2009/3/3 Christian Einfeldt <einfeldt gmail com>:
> Based on my experience there, which is limited, as I am just the level one
> tech, I would say that it is going to be a nightmare for you to pull video
> across a network, even if it is an LDAP network with the apps running
> locally on the clients, let alone have the apps running on the server.  The
> server will take a huge hit.  Even with an LDAP setup, which sees only files
> (and not apps) running across the network, you are looking at big lag times
> and poor performance for those machines.
> There are plenty of decent video editing apps for Linux, but I wouldn't run
> any of them across a network of middle schoolers (we are a middle school).
> I would just try to dual boot the machines and run the video locally.

You, Christian, are far more than a "level-one" anything.  I think
that it is generally accepted that using new Mac hardware is a waste
if applied as a thin client.  Les said it best when suggesting that
freenx/nomachine be used for client services.  I was suggesting DRBL
in its default fat client mode.  This now seems sketchy with Mac
hardware and EFI, but it is proven with the pc platform.

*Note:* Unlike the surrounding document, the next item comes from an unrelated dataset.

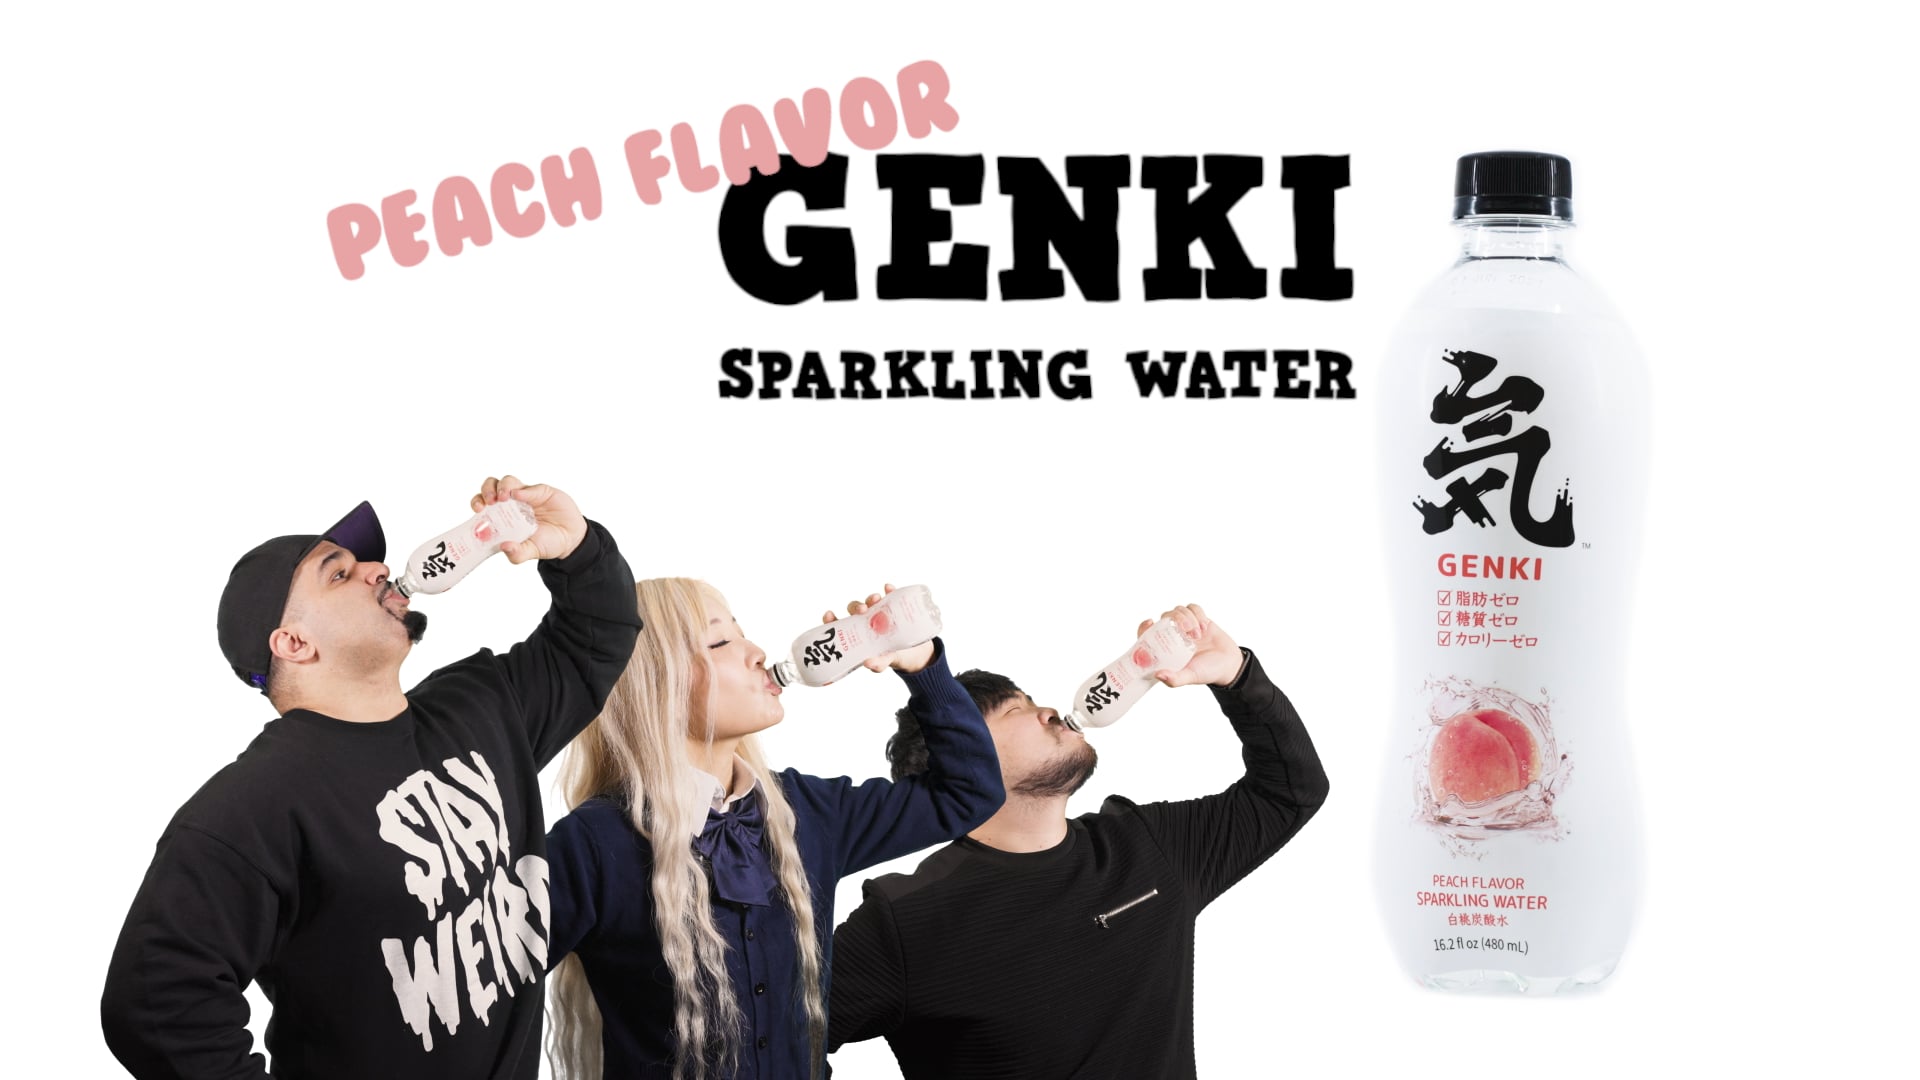 Low fat low sugar low calorie drink Genki Sparkling Water

I do not know enough about NFS and its capacity to move large files.
I cannot imagine that it can supersede a local drive.  However,
consider this scenario:

The 'netbook' that is used outside of class to capture video, is
etherbooted at school as a 'fat' client, and the data on its hard
drive is edited with the applications available in the classroom using
its local CPU.  Or, it is etherbooted at school as a thin client, but
the server has 32 cores, and only 3 students are rendering files.  If
the server is virtualized, then during the day perhaps this metal
provides LDAP/NFS, DRBL, LTSP, Proxying, etc., but, after hours this
same metal provides a rendering virtual server while the others
servers are shut down.

Below are pictures of a DRBL server powering a client.  Both are
'netbooks', and the shots show the boot menu, the login window, and a
shot of TOP, on both the client and server, displaying the CPU load on
the 'fat' client.  You also see a shot of a 16gb SD disk mounted on
the client, but not on the server.






This last photo is of the DRBL 'netbook' server, the 'netbook' client,
and a 'netbook' running Ubuntu, with a windowed NX session connected
to a virtualized instance of Ubuntu that has authenticated from a
virtualized instance of a Centos4 NFS/LDAP/SAMBA server hosted on a
Centos5 Xen server.  The NX connection is wireless, runs across the
public internet to a school 25 miles from here, and it has sound.


We don't have iMovie, but we can't do any of this with the Mac, yet.